A Nora Lezano el rock le ha dado bastante más que buenas fotografías: “Prácticamente me dio una vida. Ahí me pasó de todo. Me enamoré, me desenamoré, probé drogas, hice un montón de amigos. Me dio mucha felicidad”. Es tan particular el modo en que fueron desencadenándose los sucesos de su vida, que quizá por eso las imágenes que consiguió y consigue también lo son. No son pocos los que dicen que traduce en su trabajo un pedazo del alma de la gente. Se lo dijo nada menos que su adorado Gustavo Cerati: “Es la primera vez que me reconozco en fotos”. Nora creció en una familia en la que las cámaras no ocupaban un lugar vital, tampoco el arte. Ella amaba la música: solía comprar revistas, su cuarto estaba empapelado de posters, tenía remeras de bandas y en sus carpetas del secundario pegaba fotos de sus ídolos. En los noventa, a los veinte años, abandonó la carrera de Biología. Una amiga la invitó a hacer un curso en la Escuela Argentina de Fotografía. Le dio curiosidad. La amiga quedó embarazada y no arrancó. Pese a que fue “una revelación”, más tarde ella también lo dejó. Ahí empieza su historia. La historia de una fotógrafa autodidacta, que en “la trinchera de los shows” encontraba la felicidad. La historia de una fanática devenida fotógrafa.

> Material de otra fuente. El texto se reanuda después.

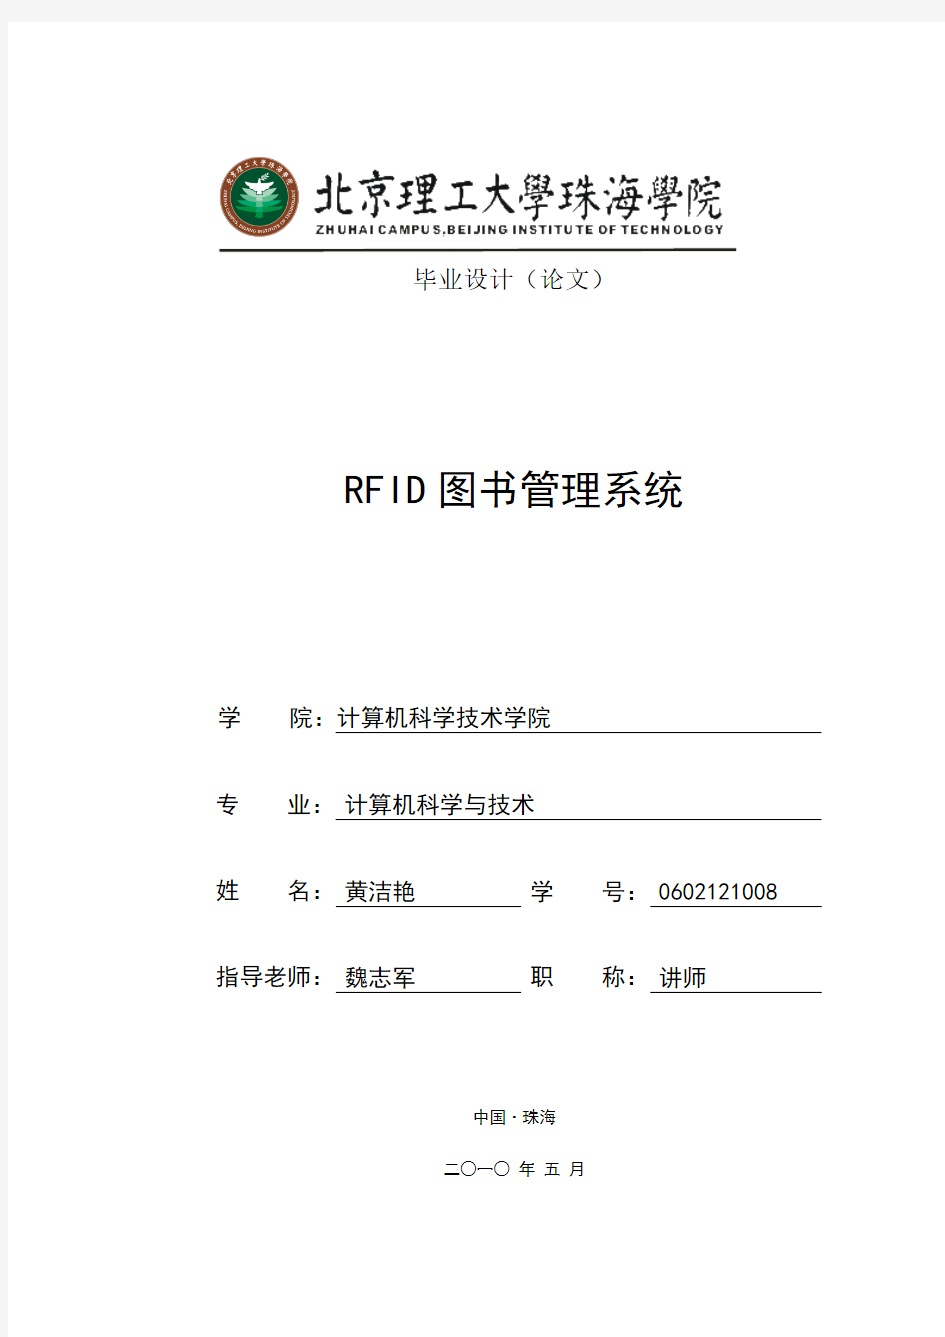 RFID图书管理系统毕业设计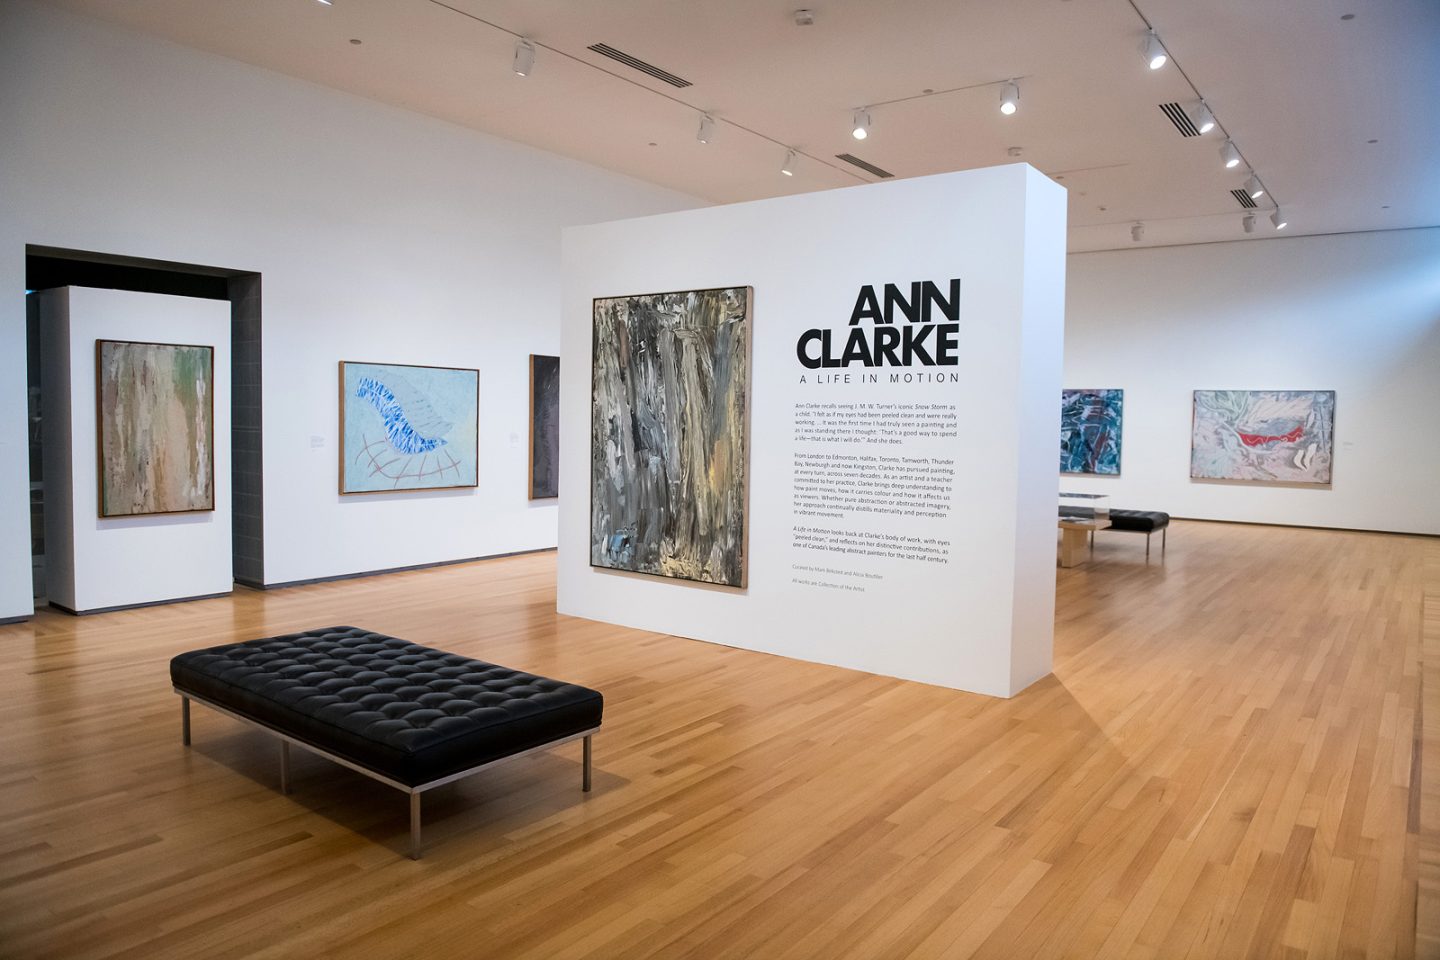 Installation view of Ann Clarke: A Life in Motion. Photo: Garrett Elliott

Lezano demuestra que el arte sucede cuando no se lo busca. “No sé qué es el arte y nunca me creí artista. Mis fotos no representan algo para mí. Me representan”, sentencia. Fue definida como el “ojo del rock” por un funcionario de Cultura de los noventa; es quien ha generado la relación más simbiótica entre imágenes y rock en este país; el editor de fotografía de Rolling Stone escribió que si viviese en Nueva York sería Nan Goldin. A medida que la iban conociendo, los músicos que admiraba la llamaban para encargarle trabajos. Ella todavía lo cuenta abriendo sus ojos achinados con gesto de sorpresa. Vio cosas que no vio nadie, logró fotos que nadie logró. En su página de Facebook se la ve a través de las épocas, a los abrazos con los seres que al principio eran sus ídolos, y después sus amigos. No le gustan nada las anécdotas y elige no decir una sola palabra sobre los artistas que fotografió. Pero regala una historia: cuenta que cuando era muy joven –todavía vivía con sus padres en Tapiales, partido de La Matanza– Charly García la invitó a su casa. Como tenía miedo del temperamento del músico fue con su mamá, que la esperó en la puerta. Dentro de su hogar, García le pidió que le tomara fotos desnudo. Ella accedió. Ahí está la moraleja: lo bueno sucede cuando no se lo busca. Lezano siempre dice lo mismo. Que no la movían tanto las fotos como lo que le habilitaban. Que las fotos eran “una excusa” para adentrarse en un universo y para vincularse con ciertos seres. “Nunca cagué un vínculo por una foto más. Me importaba vivir ahí”, define.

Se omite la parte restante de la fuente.